Егерь Николай оказался не так страшен и даже вполне обаятелен. И никакой уж такой готической тайны в их с Егоркой отношениях не было. Воевал Коля в горячей точке, была у него там любимая женщина, у женщины был сын – тот самый Егорка, разговаривающий с деревьями. Женщина погибла под артобстрелом. Егорка остался жив. Коля нашел его, усыновил и увез в Россию. И осел в глуши. «Наслушался разрывов. Тишины хочу. А его в обычную школу не берут. Контузия же. Интернат – не дело, да еще и специальный.
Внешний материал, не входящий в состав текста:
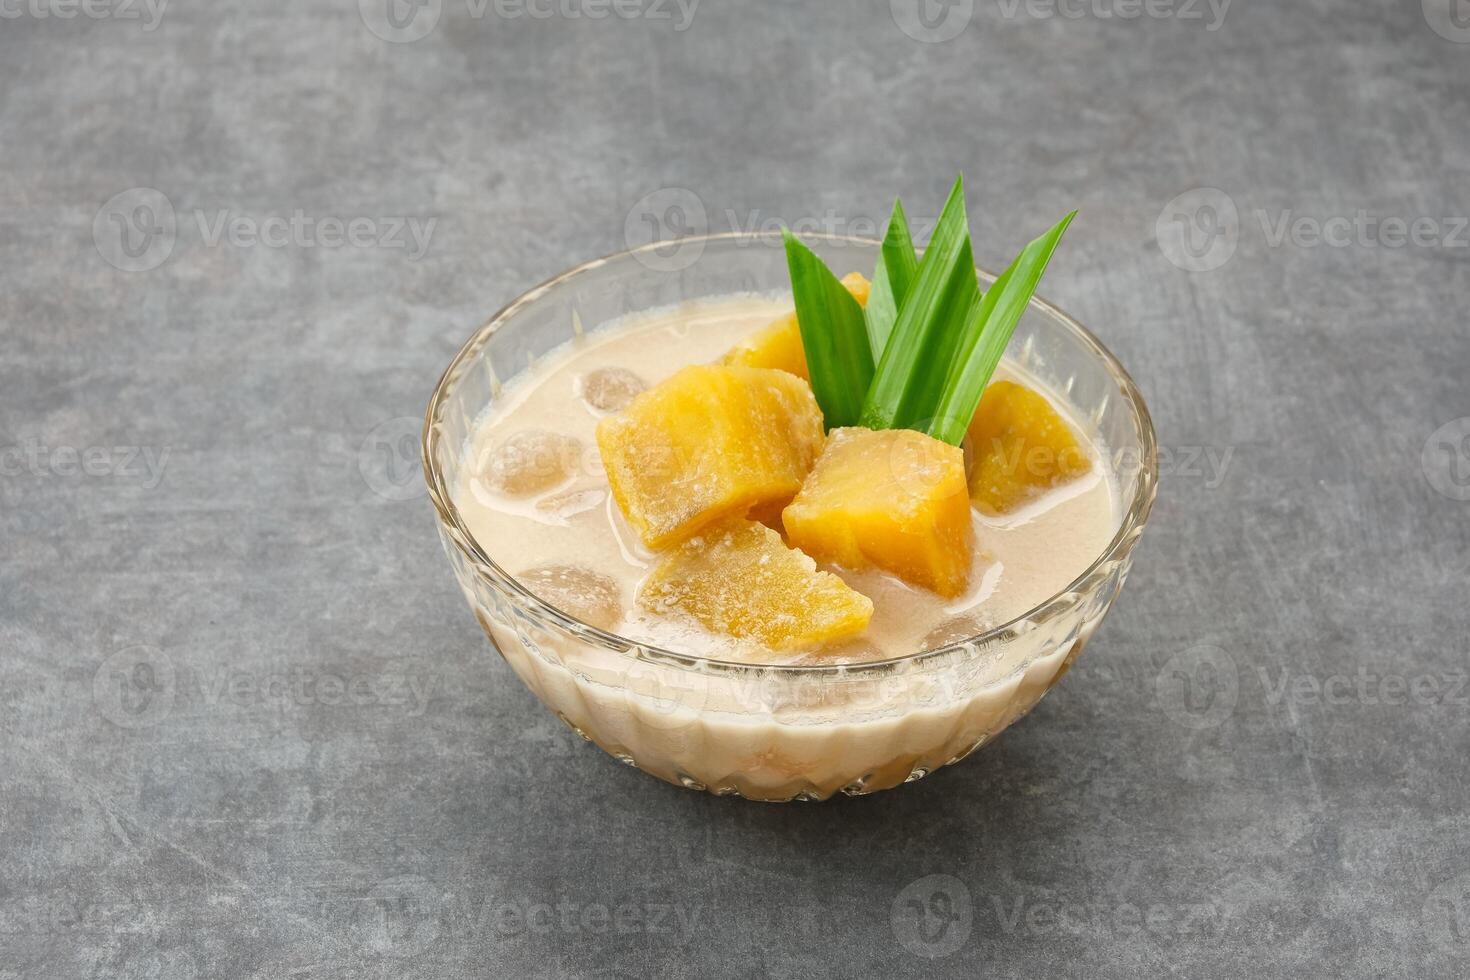 kolak ubi, Indonesisch traditioneel nagerecht, gemaakt van zoet aardappel, kokosnoot melk, suiker en pandanus bladeren. foto

А экстерном оказывается можно. Ну, раз так, так лучше тут, чем в городе». «А что вы тут охраняете, не пойму, заповедник, говорят, а зверей-то нет же никаких. Даже зайцев не видать». Коля криво заулыбался: «Так, растения. Травы, цветы редкие. Чтоб не жгли, не топтали, не рубили. А ружье – так. Страх нагонять».
«Страх» – вспомнила Оленина. «Страх в тебе», - сказал ей Егорка, как обычно, глядя в сторону, во время очередной прогулки. «Тебе со мной страшно?». «Тебе страшно», - Егорка припал к дереву: «Расскажи ему. Оно поможет». Оленина попробовала. И, правда, вроде бы, немного отпустило.
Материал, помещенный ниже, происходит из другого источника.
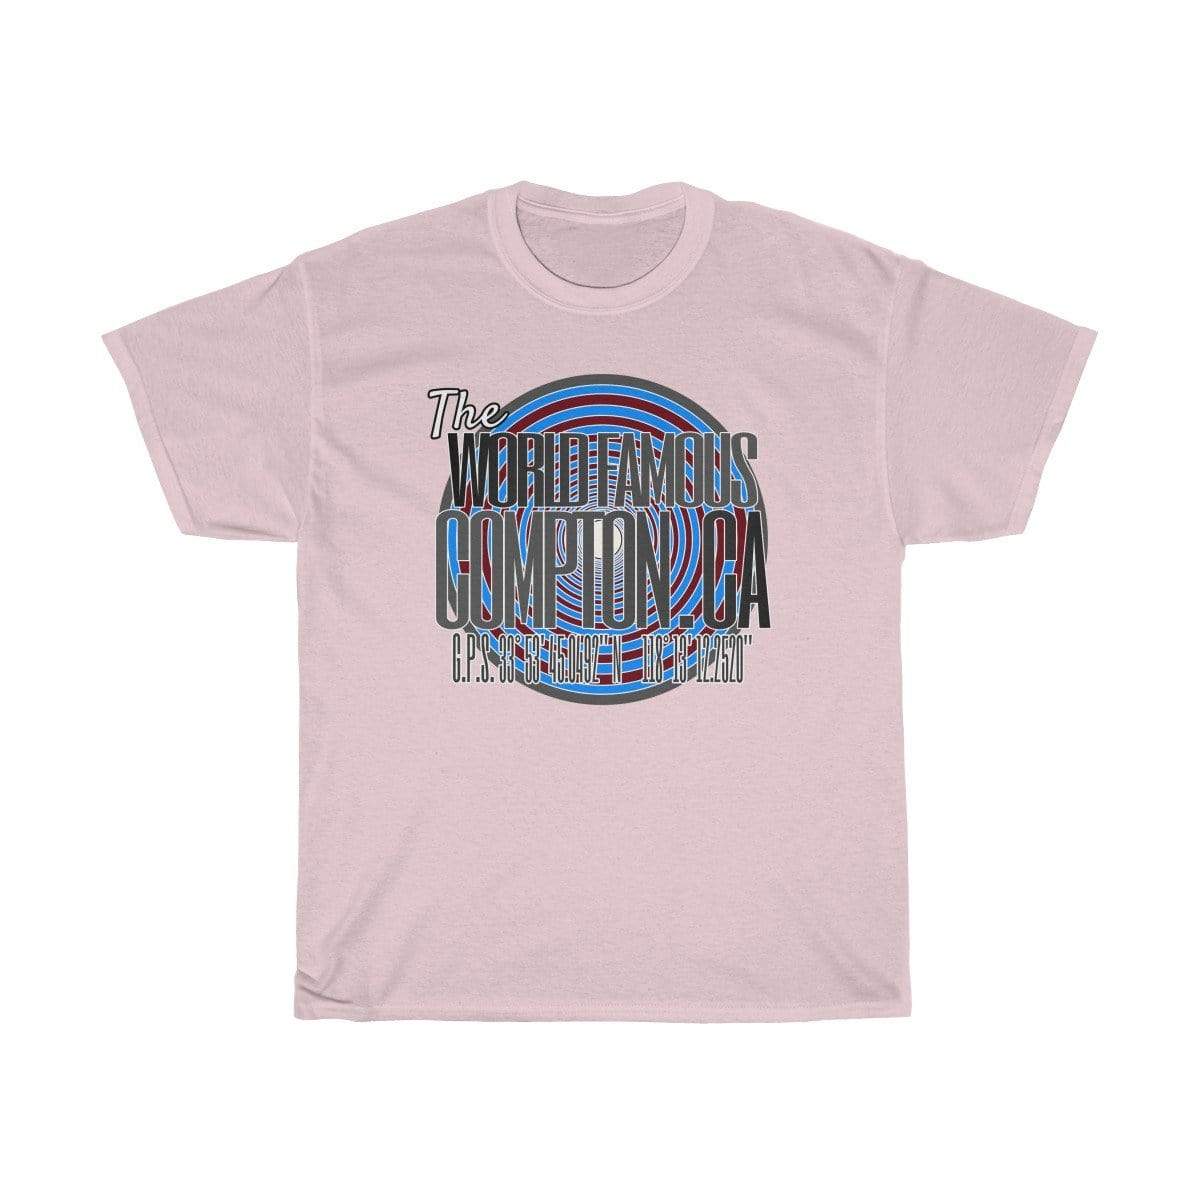 Plumskum T-Shirt Light Pink / S World Famous Compton CA GPS T-Shirt

Коля был молчалив, как и пасынок, но иногда она увязывалась и за ним, когда он дозором обходил заповедник, тыкал пальцем в редкие растения и без запинки называл их по-латыни, ибо когда-то, в позапрошлой жизни, был в буквальном смысле слова ботаником.
И когда как-то шли они по болоту, любуясь ирисами, Оленина, вопреки Колиным инструкциям, ступила на кочку и провалилась по колено, потом, опять вопреки инструкциям, начала шуровать ногами и провалилась по пояс. Коля невозмутимо приказал ей прекратить дергаться, расставил ноги, упершись в корни двух березок, ухватил за талию, крепко прижал к себе и вытащил как пулю из гильзы… И почему-то они так и застыли на полминуты… Никто не хотел размыкать объятий, но и поцеловаться оба заробели…
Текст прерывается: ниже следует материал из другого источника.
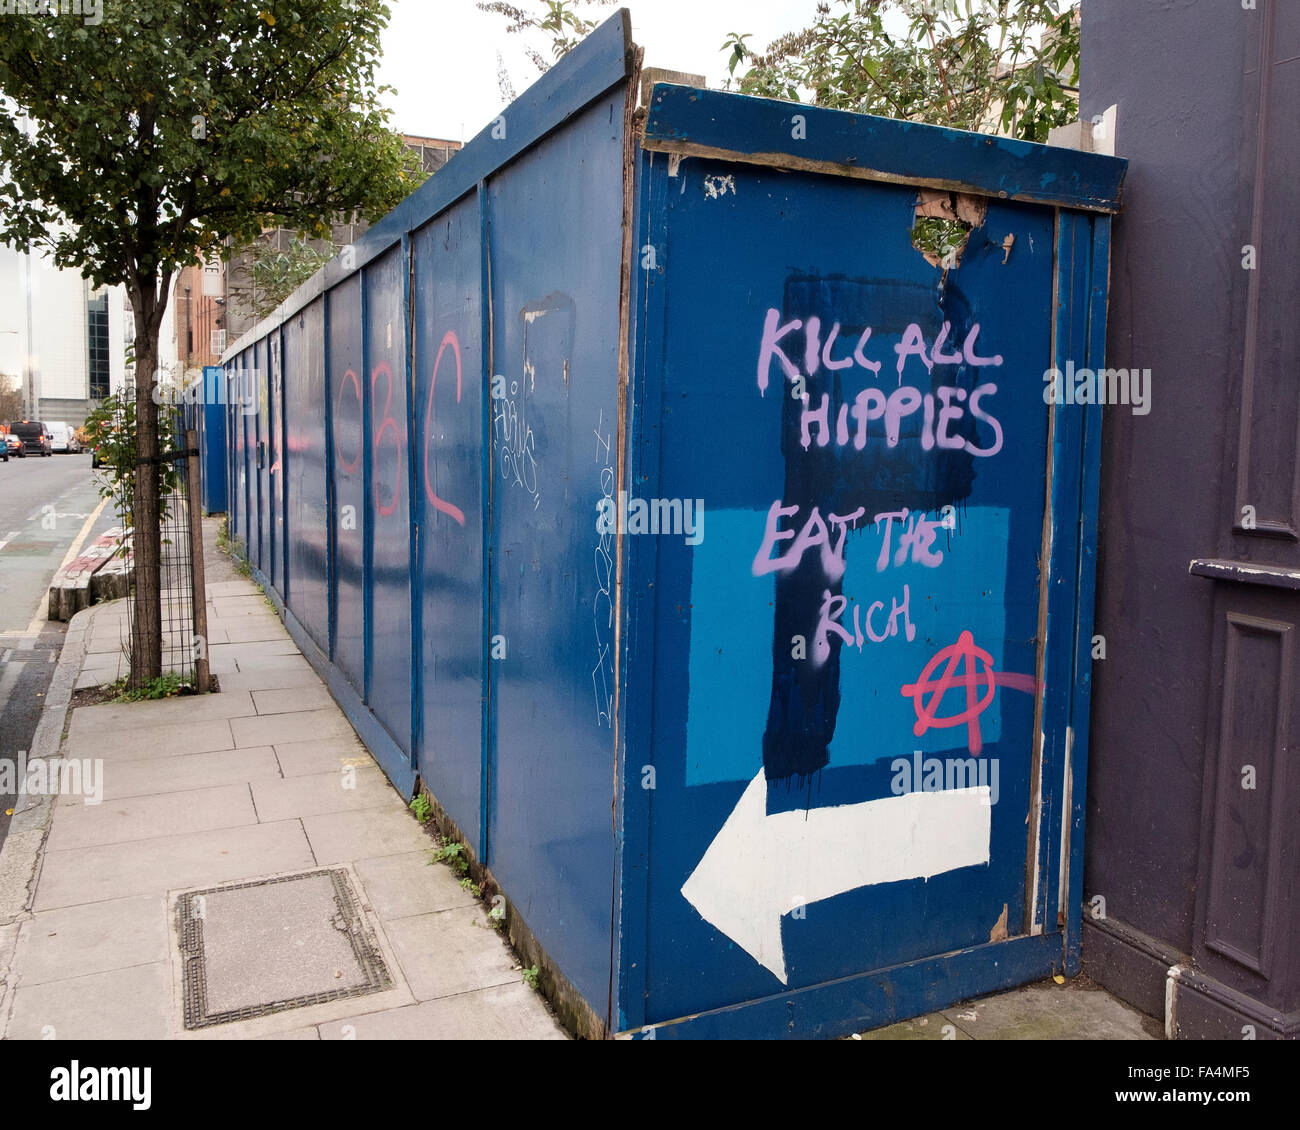 Leman Street, London, 25. November 2015: Töte alle Hippies, Essen die reichen - Anti-Hipster-Motto in der Nähe von Aldgate Stockfoto

А охрана растений оказалась внезапно не таким безопасным делом. Кто-то регулярно снимал дерн большими площадями на опушках и палестинках. Наконец, Коля застукал злодеев, пригрозил незаряженным ружьем, предложил составить протокол и получил в ответ несколько выстрелов из вполне себе заряженного.
Хирургия райцентра расписалась в бессилии: мы можем только ампутировать ногу, в Москве, может быть, и спасут. Ясное дело, Оленина нарушила предписания: включила мобильник и повезла Колю в Москву, в хорошую клинику к знакомым врачам. А оживший мобильник вдруг засыпал ее сообщениями от Трофимова, того самого сотрудника из отдела планирования, которого она в сердцах побила папкой за тугодумие: «Елена Николаевна, мне нужно с вами поговорить», «Елена Николаевна мне нужно сообщить вам что-то важное», и в таком духе на протяжении недели. А потом – молчание. И номер не отвечал. Муж тоже не отвечал.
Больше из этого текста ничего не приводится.